Dire ce qu'on pense, malgré notre culture de la pondération politique, héritée des années Giscard-Mitterrand-Chirac. Malgré les lois « liberticides »(dixit Zemmour) Taubira ou Gayssot, qui encadrent les débats. Malgré les associations qui assurent la vigilance sur le terrain idéologico-ethnique. Zemmour et ses disciples réclament rien de moins que l'abrogation de ces lois et l'arrêt du versement des subventions aux associations antiracistes, qui appliqueraient à l'encontre des « mal-pensants »« un maccarthysme de gauche ». Il l'a dit, l'autre jour, lors d'un débat UMP ayant pour thème « Les normes vont-elles tuer les libertés des Français ? », devant un parterre de parlementaires en extase - les compagnons dans leur armure rutilante. Du velours pour Zemmour. Une réunion qui n'aurait pas fait une ligne dans la presse sans la présence du chroniqueur star, condamné à 2 000 euros d'amende avec sursis pour « provocation à la discrimination raciale ». Cette condamnation (il n'a pas fait appel) est peut-être sa plus belle médaille, qui donne à son combat un vernis sacrificiel.

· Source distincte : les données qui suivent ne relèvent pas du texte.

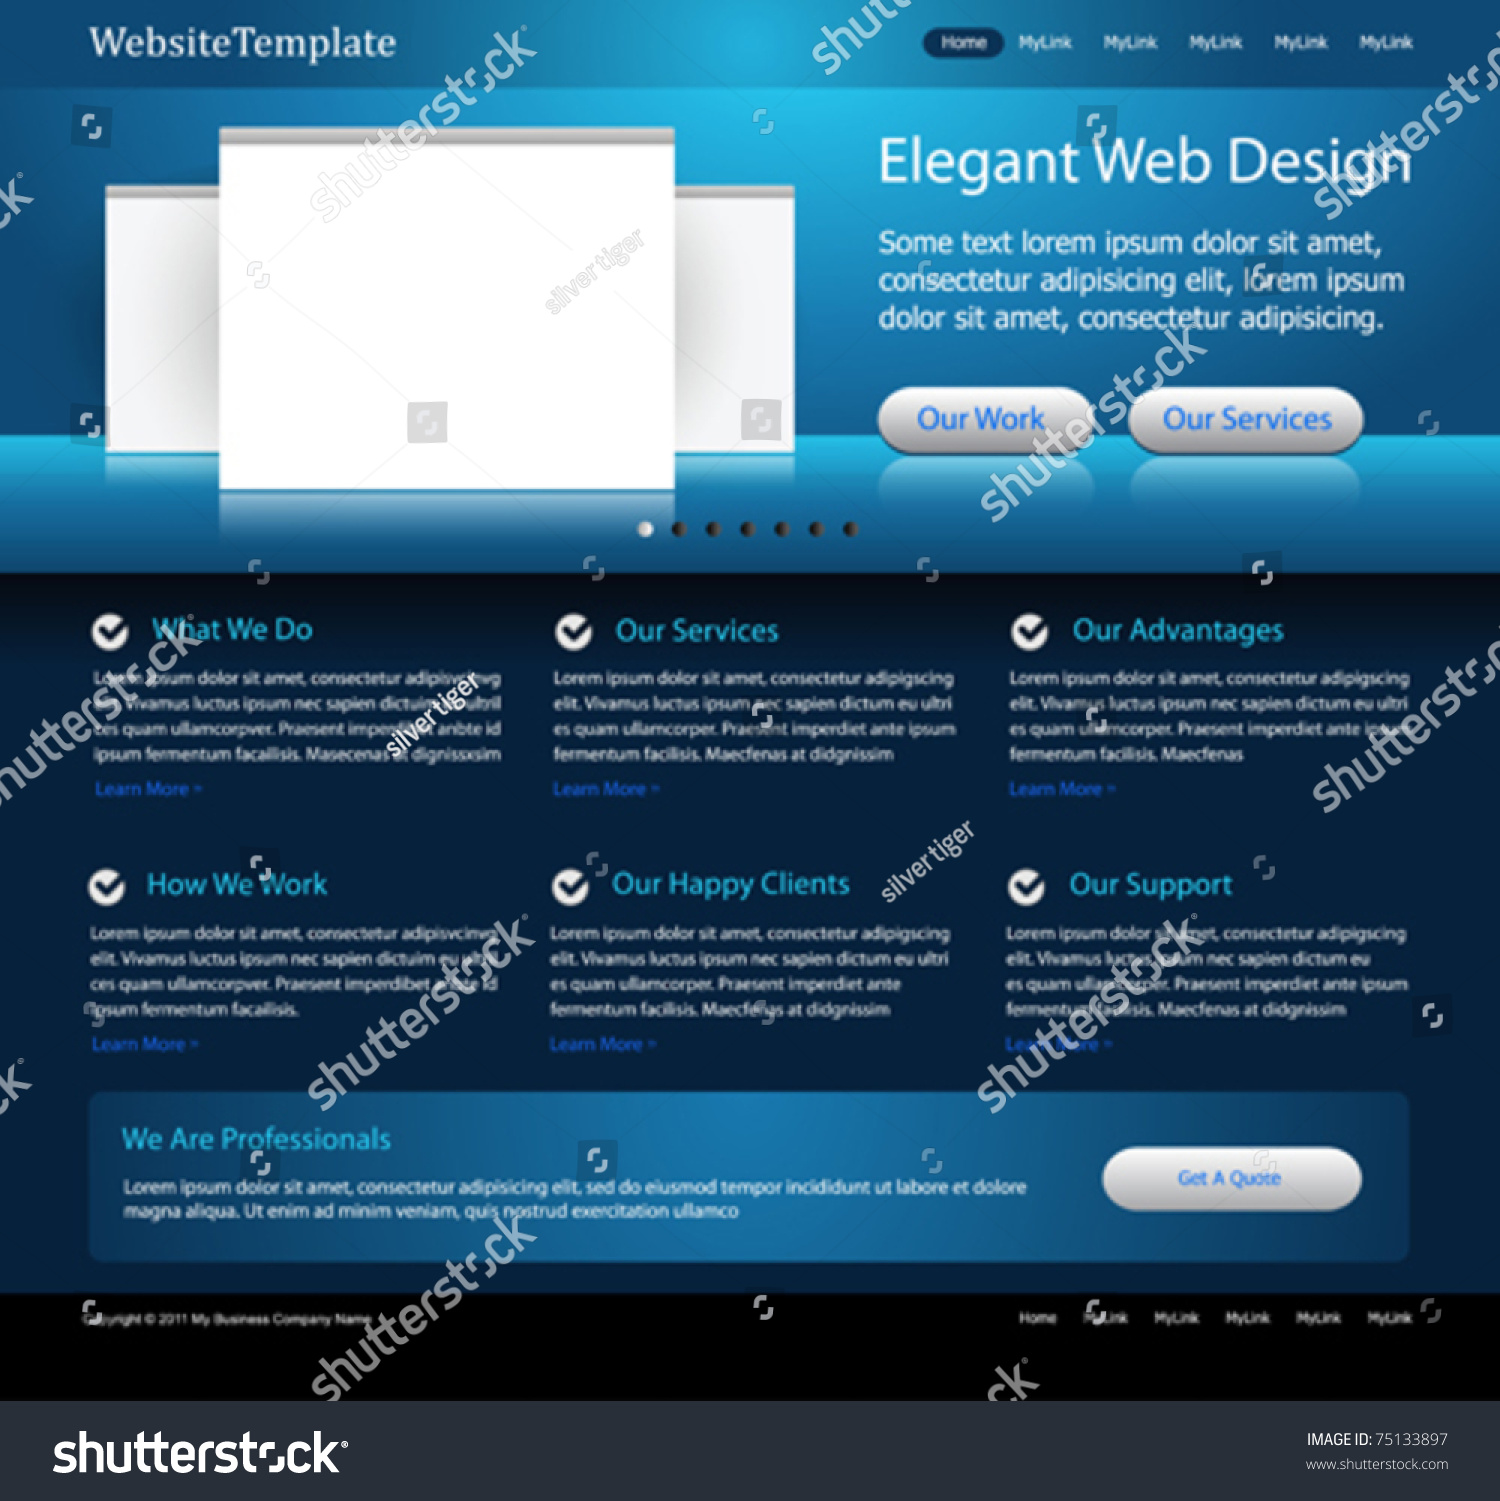 dark-blue-website-design-template-stock-vector-illustration-75133897

« L'UMP, c'était une tribune originale pour exprimer un certain nombre d'idées », confie Zemmour. Si, à son tour, Marine Le Pen l'invitait à s'exprimer devant une convention du Front national, irait-il ?« Franchement, je n'en sais rien... » A l'en croire, l'UMP ne se droitise pas, elle retrouverait simplement son positionnement originel, celui qui fut le sien avant le recentrage du RPR dans les années 90. Il jure qu'il ne s'engagera pas davantage sur le terrain partisan. D'ailleurs, comme pour mieux affirmer sa liberté, cet ancien homme de gauche précise avoir déjeuné avec Jean-Pierre Chevènement le jour de sa participation à la réunion UMP. Journaliste doublé d'un footeux, amateur d'épopées napoléoniennes et de chanteurs à texte, il confie faire son métier « comme le faisaient nos ancêtres. La gloire du journalisme à la française est un mélange de commentateur, d'idéologue, d'intellectuel qui sort de sa sphère pour donner son avis sur les affaires de la cité ». Il s'étonne qu'on lui reproche ses positions : « En 2002, 80 % des journalistes ont voté Jospin. On me fait peut-être payer le fait de ne pas être de leur engeance... » Cite l'exemple de Jean-François Kahn, ex-candidat MoDem aux européennes, qui n'a pas essuyé autant de critiques que lui (« A sa différence, moi, je partage les idées du MoDem, je n'irai pas faire ça à l'UMP », rétorque JFK.) Il soutient que « depuis vingt ans les people, les artistes délivrent à la télé un discours politique, un véritable endoctrinement public », et que, de ce fait, il « propose simplement un contre-discours ». Et qu'importe si ce contre-discours est souvent monothématique ou exempt de nuances tant que la France qui souffre l'entend et l'intègre.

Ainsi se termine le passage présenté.